Ecco, come questa cosa non sia visibile davvero mi stupisce. Forse aveva ragione Edgar A. Poe quando diceva che il modo migliore di nascondere una cosa è metterla sotto gli occhi di tutti. Tanto nessuno pare veda un cazzo.

C’è un aspetto forse appena meno visibile ma ancora più profondo. Il Gp ribalta le responsabilità. Così come durante il lockdown il responsabile era il runner o chi portava fuori il cane, oggi il responsabile è chi non ha il Gp. Non una sanità smantellata da decenni di saccheggio perpetrato da governi sia di destra che di “sinistra”, non una logica che ha scardinato la medicina sul territorio in favore dei grandi centri ospedalieri (e la pandemia ha dimostrato quanto sia importante avere presidi medici distribuiti capillarmente sul territorio), non le decisioni prese da Confindustria che hanno fatto lavorare gli operai anche in pieno picco pandemico. Niente di tutto questo. Il colpevole è il singolo. Che andava a correre, che usciva a passeggiare e che oggi non ha il Gp.

È il rovesciamento sul singolo, la strategia. Semplice e facile: metti gli uni contro gli altri. Crei un pensiero unico e chi vi aderisce ha privilegi e accessi riservati. Gli altri si fottano, troppo ignoranti per essere presi in considerazione.

Non è la politica del governo – di questo governo in particolare – a stupirmi. La logica è sempre la stessa: proteggere il profitto, disincentivare l’aggregazione su basi sociali e conflittuali. È persino ammirevole la capacità di adattamento del sistema alle situazioni. Mi sorprende la cecità di chi si dice “compagno” e poi di fatto non vede quelle dinamiche che un compagno dovrebbe sempre saper vedere.

Lo sberlone del lockdown, la famigerata primavera 2020, è stato un colpo da cui non è stato facile riprendersi. Ricordo che verso metà aprile avevo smesso di informarmi. Leggevo solo i numeri, cercando un barlume di oggettività, cercando di fare delle previsioni. Però per quasi due settimane ho lasciato perdere ogni analisi. Penso che questa reazione, più o meno intensa, l’abbiamo avuta in molti. La fatica di prendere in considerazione la realtà, di sfuggire alla logica dell’emergenza – fuga davvero complicata durante il lockdown, perché lo scenario fatto di strade deserte ti calava in un contesto assolutamente nuovo, sconosciuto, che non aiutava a fare luce e chiarezza.

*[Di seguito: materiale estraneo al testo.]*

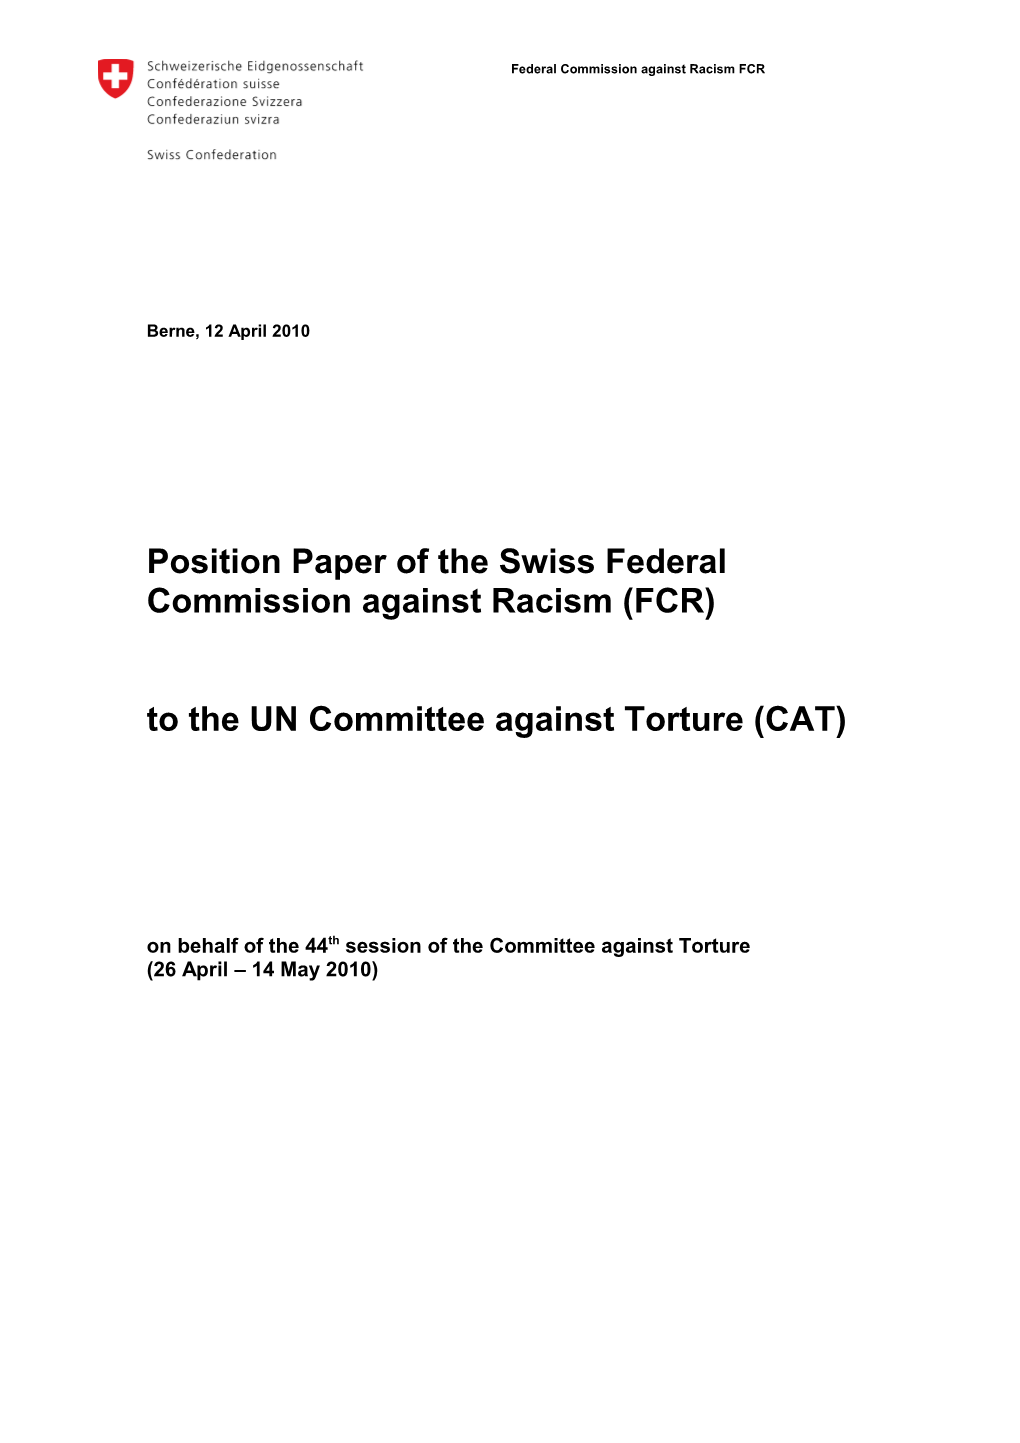 To the UN Committee Against Torture (CAT)

Ecco, io ho la sensazione che, soprattutto fra compagni, molti non si siano mai davvero ripresi. Ho percepito una implicita adesione alla narrazione dominante, all’affidarsi a chi ci governa farneticando di responsabilità e doveri verso gli altri, tutti uniti per uscirne insieme. Le differenze di classe, le differenze di responsabilità, i rapporti di forza, tutto cancellato. Stringiamoci insieme, #andratuttobene e così poi possiamo riprendere a begare fra noi. Sospendiamo l’attività critica. Come se fosse tutto cristallizzato dall’emergenza. Ma in realtà si è fermato solo il dissenso. L’attività padronale ha continuato e continua imperterrita, con la massiccia arma a disposizione del “se non fai così sei un untore assassino”.

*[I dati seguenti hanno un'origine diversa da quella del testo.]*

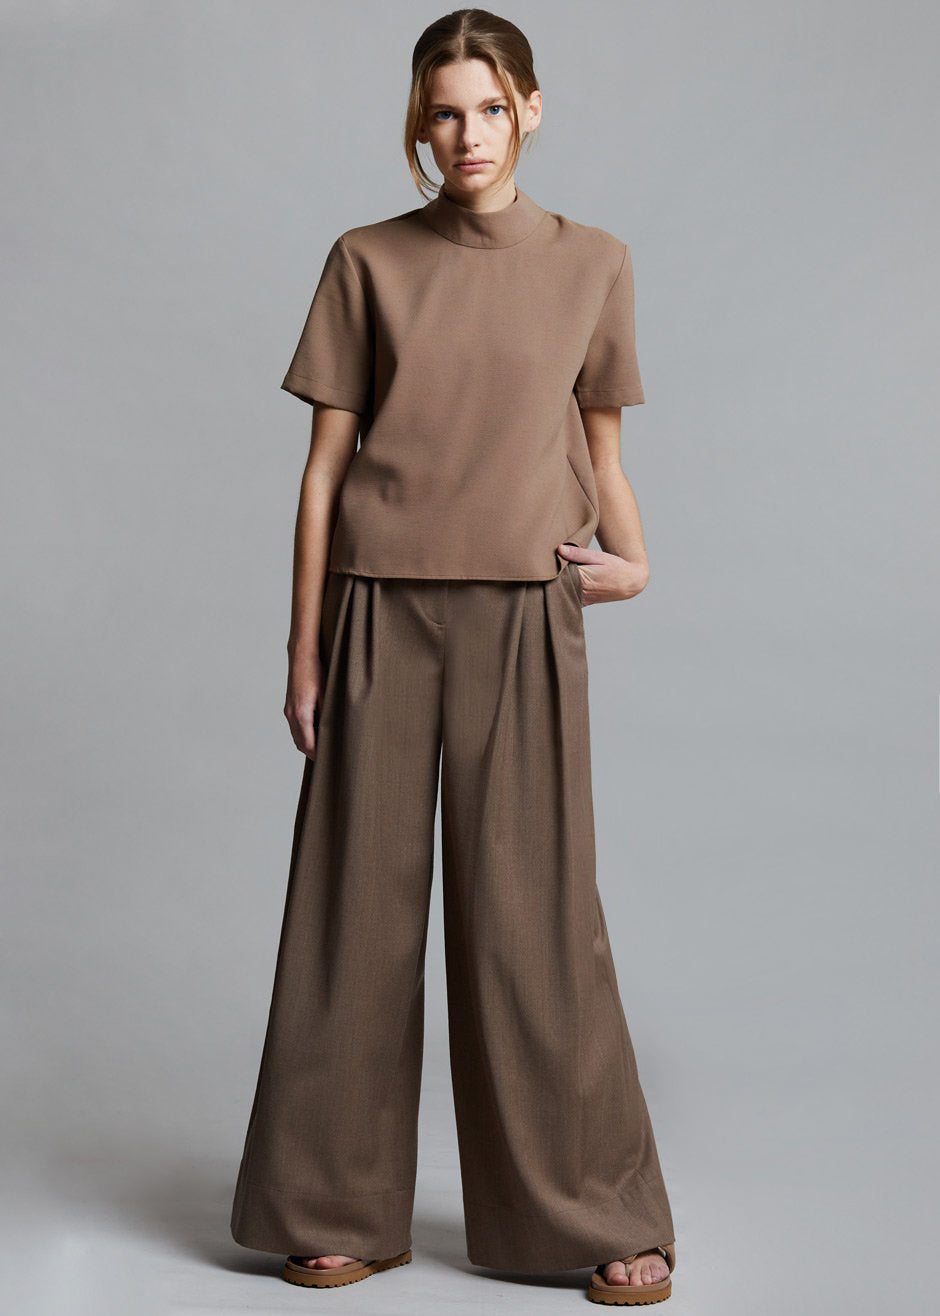 Equus Pants by The Garment in Taupe

In questi giorni ci sono stati scontri a Trieste. I lavoratori portuali avevano deciso di bloccare il porto, contro le politiche del Gp e tutto quel che ne deriva per loro. È forse bene ricordare che i lavoratori della logistica sono stati i più mazzolati, hanno lavorato sempre, anche durante il lockdown duro, senza nessuna protezione, senza alcun tipo di misura di contenimento pandemico. Se in una scuola, alla presenza di un positivo al covid, si bloccava l’insegnamento, tutto ciò non è successo mai per questo comparto produttivo. L’istruzione si poteva fermare, la logistica no. A nessun costo.

Ora: mi risulta molto difficile cercare di spiegare che quando gli operai manifestano, l’attenzione deve andare lì. Aspettarsi l’operaio che ha piena coscienza, che ha il manifesto in tasca, che ha la tuta blu è nostalgico e idiota. Per dare battaglia tocca mettere mani e piedi nella merda. Ho letto e sentito vari interventi e contributi relativi a questa lotta. Alcuni assolutamente circostanziati e condivisibili. Altri contenevano alcuni passaggi contestabili, altri non centravano proprio il bersaglio. Per chi è comunista è un lavoro da fare. Immaginarsi sempre e comunque la battaglia pulita, giusta, motivata, che non sbaglia i piani, che usa parole che riconosciamo “altrimenti nemmeno mi ci metto”, è un atteggiamento conservatore e reazionario.

Bisogna buttarcisi dentro. Districare la matassa, avere chiari gli obiettivi e dove sono le “linee di frattura” reali, quelle che interessano chi ha a cuore il rovesciamento dello stato di cose presenti.

Chiaro che c’è confusione. Chiaro che a volte i collegamenti non li trovi, le contraddizioni abbondando, i fasci te li ritrovi in piazza e invece di limitarti a schifarli tocca scendere in piazza e riprendersela, perché se loro sono lì vuole dire che non ci siamo stati noi.

Ci sono tanti colori, come in una libreria con tanti libri. Quando ti decidi a fare lo sforzo, a cercare i nessi, a trovare l’ordine giusto, a capire chi deve stare vicino a chi e perché, diventa bello, diventa armonico, diventa lotta.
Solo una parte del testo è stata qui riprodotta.